Comparing the measurements from a new meteor
radar to the results from CUTLASS Finland, (Peter Anthony
Cook, Terry Robinson and Neil Arnold, University of Leicester, and Nick
Mitchell, University of Wales
Aberystwyth.)
A new meteor detecting radar has been set up at Esrange in Northern Sweden, providing continuous accurate measurements of meteor positions and altitudes. Since there is some overlap between the fields of view of this radar and the CUTLASS Finland radar, individual meteors can be detected by both radars and the results compared. This provides a means of examining the quality of CUTLASS measurements, picking out meteors from other features such as sporadic E, and calibrating the CUTLASS radar in terms of altitude. This calibration will give us the potential of improving the data quality from the whole SuperDARN network. Radial drift measurements from the two radars can also be compared, as can the relative strength of the radar echoes, and diffusion in the upper atmosphere from the CUTLASS spectral widths and the meteor trail decay times.
Geomagnetic influences on the winter
stratospheric circulation (N.F. Arnold and T.R. Robinson,
University of Leicester)
Whilst the impact of geomagnetic activity on the thermosphere has long been recognised, reported connections with the atmosphere lower down have remained something of a mystery. Clues have been found in the form of sensitivity to global scale atmospheric oscillations, suggesting that a possible coupling mechanism may exist via transport processes. Following on from our work with planetary wave coupling of the stratosphere to the thermosphere under a range of solar irradiance conditions, we present results from a three-dimensional model of the middle and upper atmosphere to demonstrate that a similar process is feasible under varying geomagnetic activity levels.
What happened to superrotation? (Henry
Rishbeth, Dept of Physics & Astronomy, University of Southampton)
Thirty years ago the "F-layer dynamo theory" was invented, largely to explain superrotation (i.e, the west-to-east prevailing wind of ~100 m/s in the low-latitude thermosphere), which was deduced from observations of satellite orbits. The F-layer dynamo seems to be real, and it accounts for the observed plasma drifts in the equatorial F-layer – but according to in-situ measurements by DE-2 and other satellites, the superrotation does not exist. What went wrong?
First results from an optical/radar campaign,
Svalbard, December 1999. (Stuart Robertson, University of
Southampton, Ian Furniss, University College London)
A new platform of optical instruments was installed on Svalbard in time for a winter campaign in December 1999 in conjunction with the EISCAT Svalbard Radar. The optical instruments included the new High Throughput Imaging Eschelle Spectrograph (Hi-TIES). The results from this instrument and from a narrow angle imager and photometers show a variety of events, many with bright and dynamic aurora at different Universal Times. The data from all instruments are centred on the field-aligned direction at Longyearbyen. These will be discussed in the context of the position of the cusp and auroral oval at this location.

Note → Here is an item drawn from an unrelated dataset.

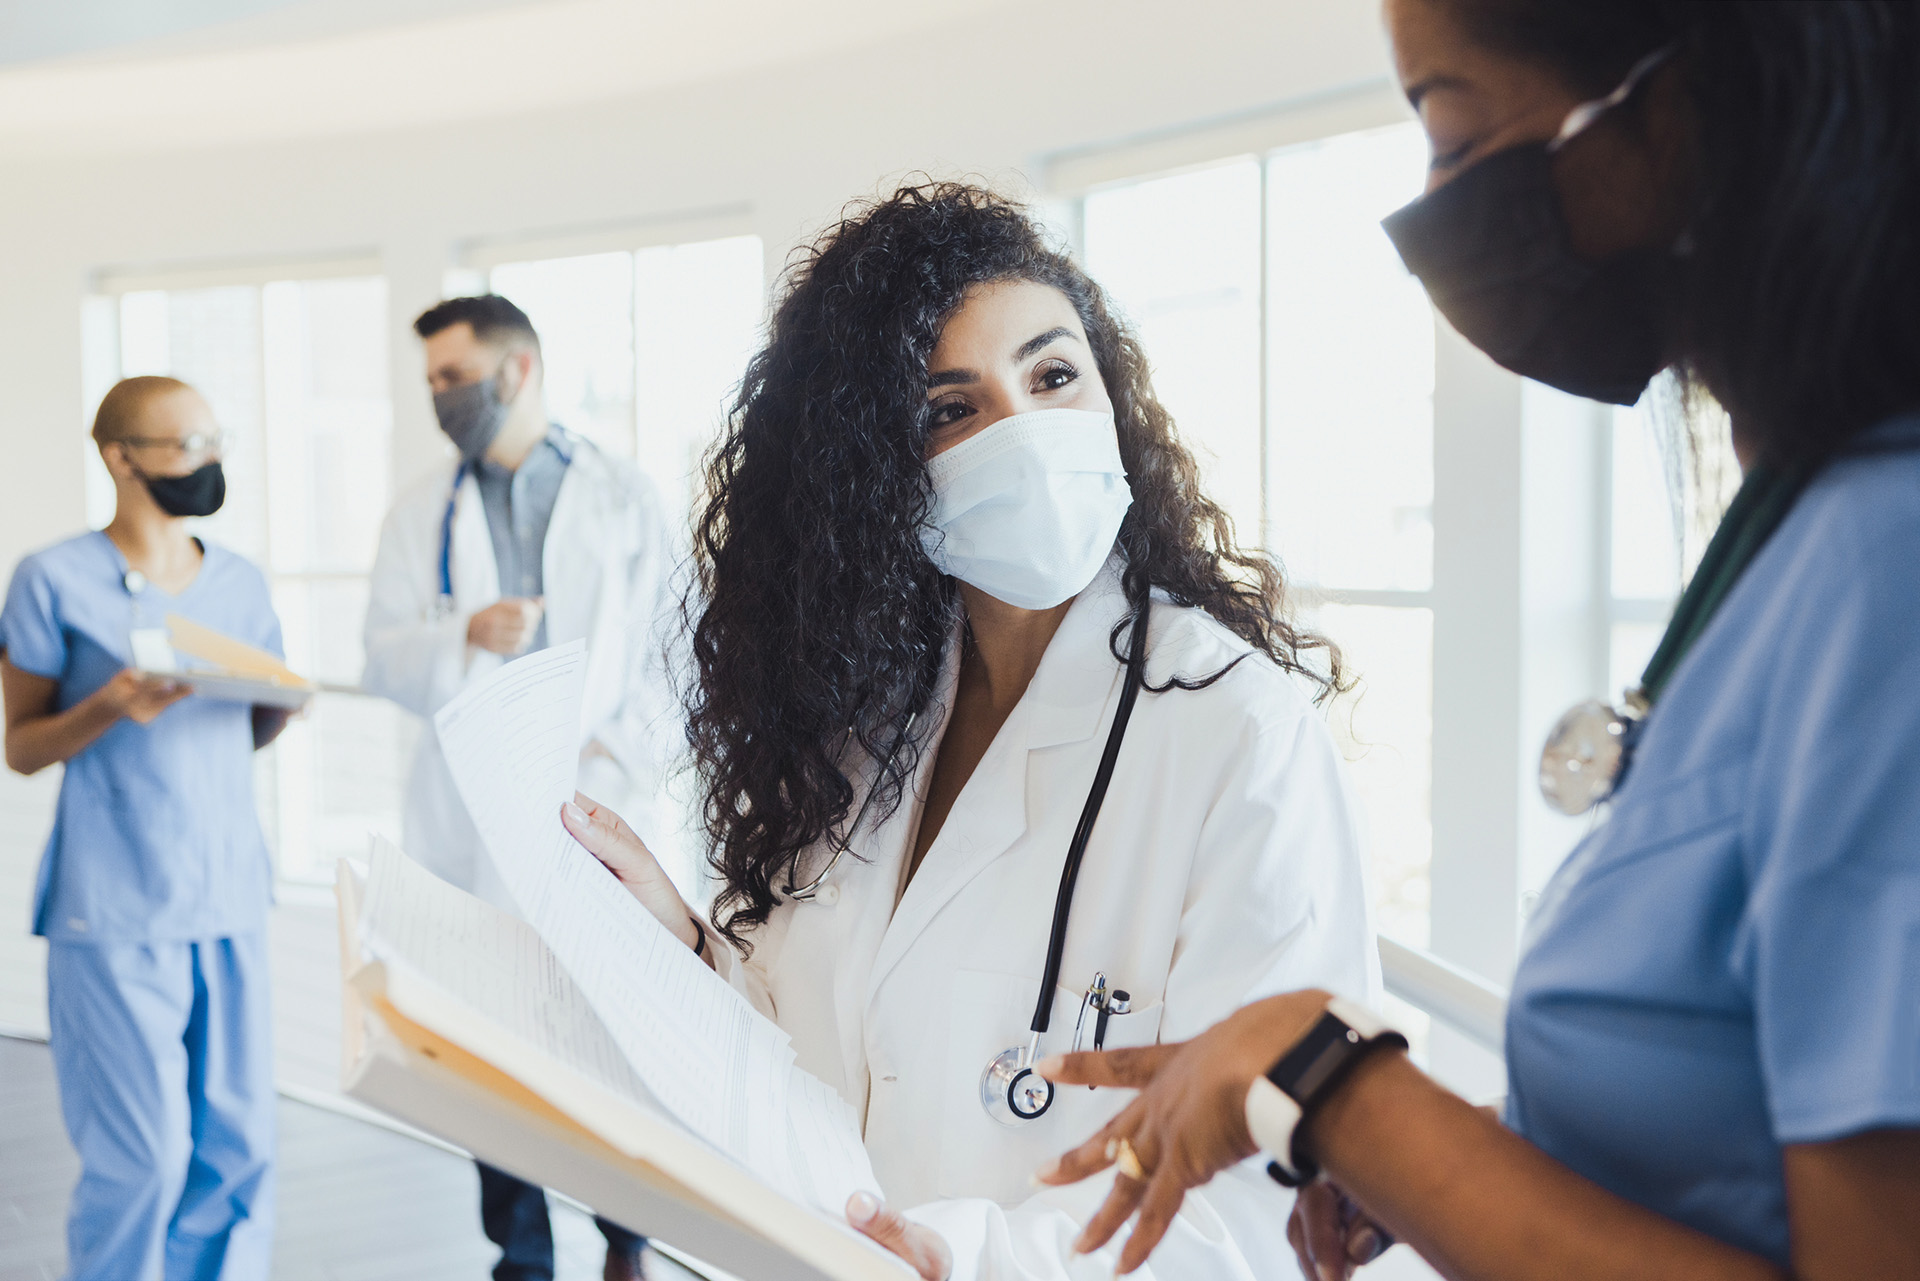 Female doctors discuss patient records in the foreground, while in the background a mid adult male doctor answers a female nurse's questions.  Everyone wears protective masks.

Multi - instrument observations of processes in
the ionospheric cusp region (A. M. Smith and S. E. Pryse University
of Wales, Aberystwyth)
Radio tomography provides a powerful tool for
investigation of the footprints of boundary-layer processes coupling the solar
wind to the ionosphere in the dayside cusp. This paper combines tomographic
images of the spatial distribution of ionospheric electron density, with
temperature and velocity measurements by the EISCAT Svalbard radar and DMSP
particle fluxes and spectra. The relationship between features seen by the
different techniques is discussed in terms of an ionospheric current system.
Substorm Effect on HF radio Propagation from
Simultaneous IRIS Dynasonde and EISCAT Observations (H.
Tao, F. Honary (Lancaster) C. Davis (RAL))
Simultaneous observations of the substorm activities on 20 January 1998 by IRIS, Dynasonde and EISCAT are presented. At the onset of the substorm,indicated by Pi2 pulsation, IRIS observes a spike in absorption which lasts several minutes and reaches 1.6 dB. The absorption continues at a reduced level of about 0.5 dB for almost one hour. A Comparison of Dynaosonde and IRIS data indicates that during the periods when the absorption exceeds above 0.2 dB, the Dynaosonde received signal is completely blackout. In addition, when the electric field is above 20 mV/m, the Dynasonde received signal is reduced considerably and is accompanied by spread F. Also the period of enhanced electric field coincides with the time of reduced absorption. An ionospheric absorption model is produced to study this event. There exists an excellent agreement between IRIS observations and Model calculations.
Poleward-moving HF radar flow bursts in the
cusp: Transient changes in flow speed or direction? (G.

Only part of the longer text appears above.